Eventually, the Sea Princess headed north, and the plan was for Filipino crew to quarantine for 14 days while the ship sat in Manila Bay. Along the way, the crew was trained on how to deal with pirate attacks—there had been reports of increased piracy in the region—with water cannons and loud speakers.

When the ship arrived near Manila on April 20, several large passenger ships anchored in a cluster, waiting for the opportunity to dock. Pauzé knew some of the crew on nearby vessels, and they shared bits of information when they could by text.

When Ruggero tweeted a photo on April 22 of the ship receiving fresh produce, the crew had been aboard for 40 days straight. The same day, the last six Canadian passengers on cruise ships—all of them aboard the Costa Deliziosa—disembarked in Italy and headed home.
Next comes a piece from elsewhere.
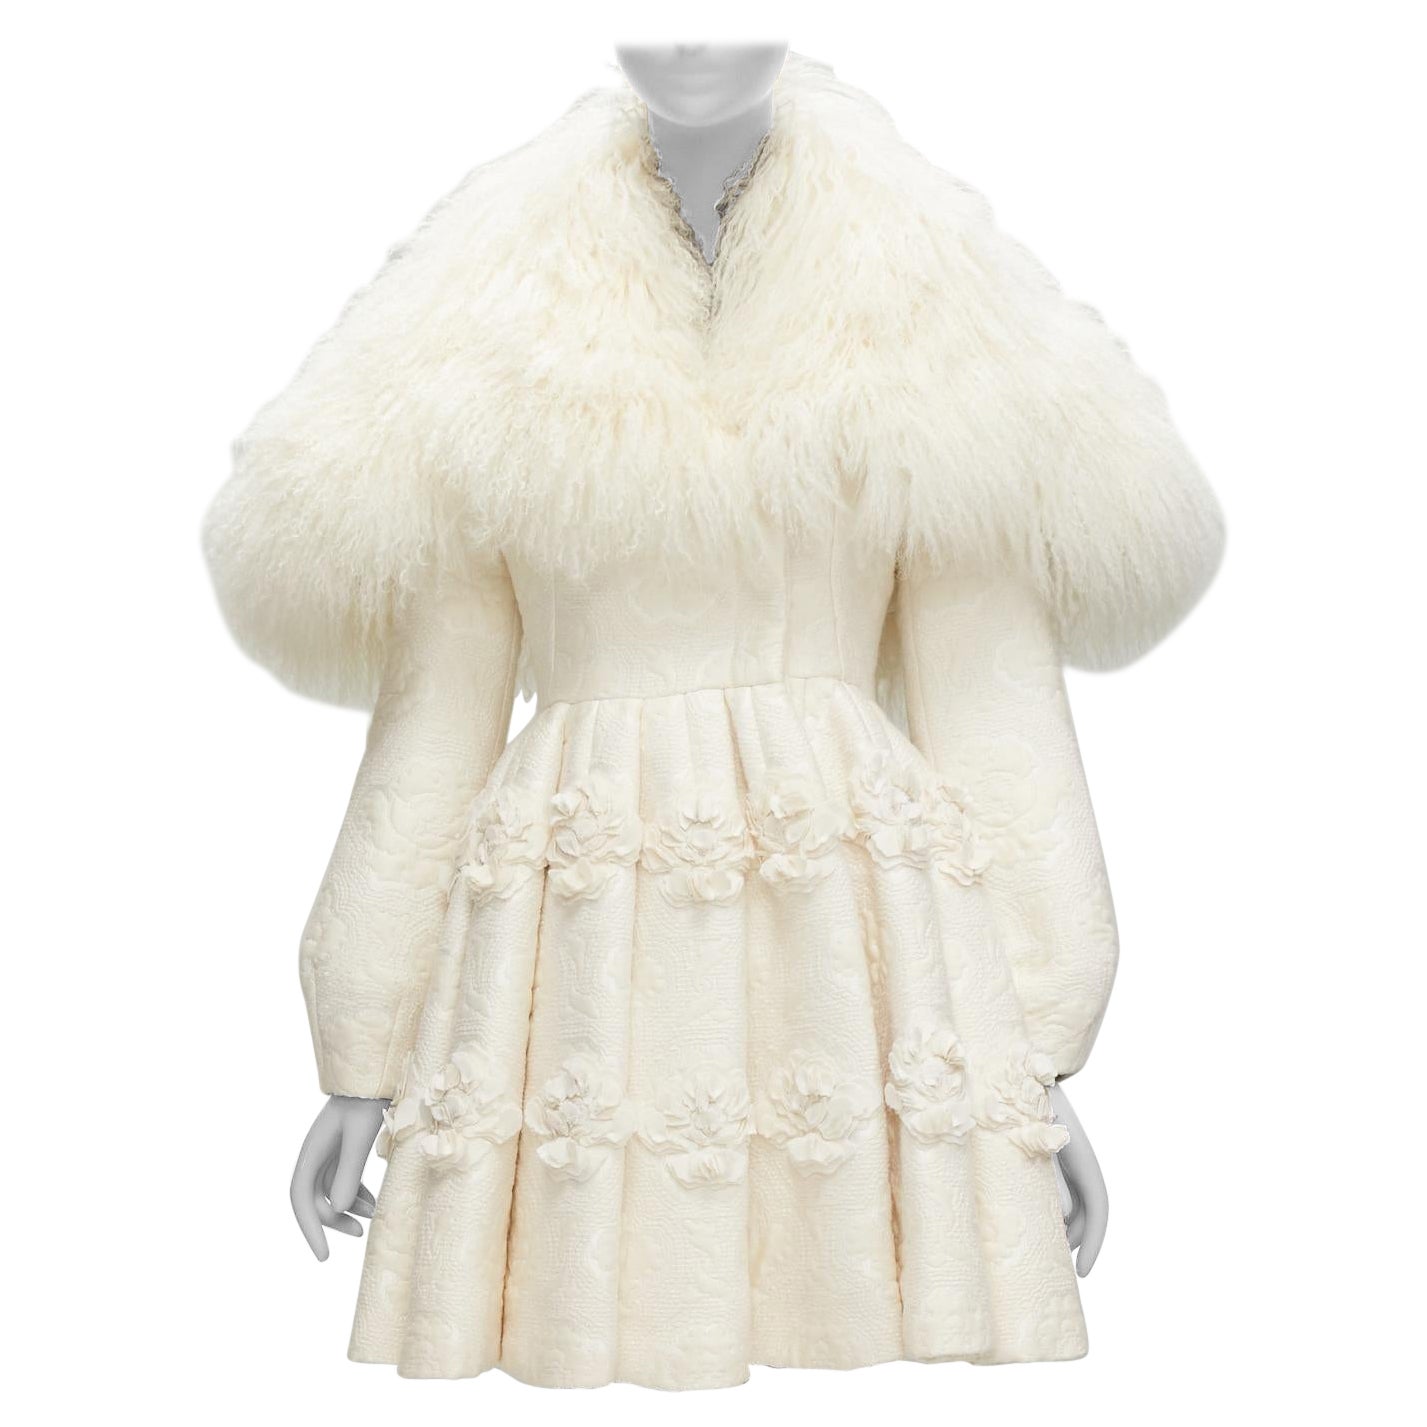 rare ALEXANDER MCQUEEN Sarah Burton 2012 Runway shearling coat dress IT38 XS For Sale

Princess Cruises didn’t directly answer questions about the fate of the Sea Princess crew, pointing to a statement saying the company had repatriated thousands of crew members and remained committed to returning “all our teammates safely home to their loved ones.”

Humbled by the pandemic, Pauzé has modest plans for when he pulls into his driveway back in Barrie. “Feel the breeze and sunshine and the ground not moving,” he says. “Just the feeling of being home will be wonderful.”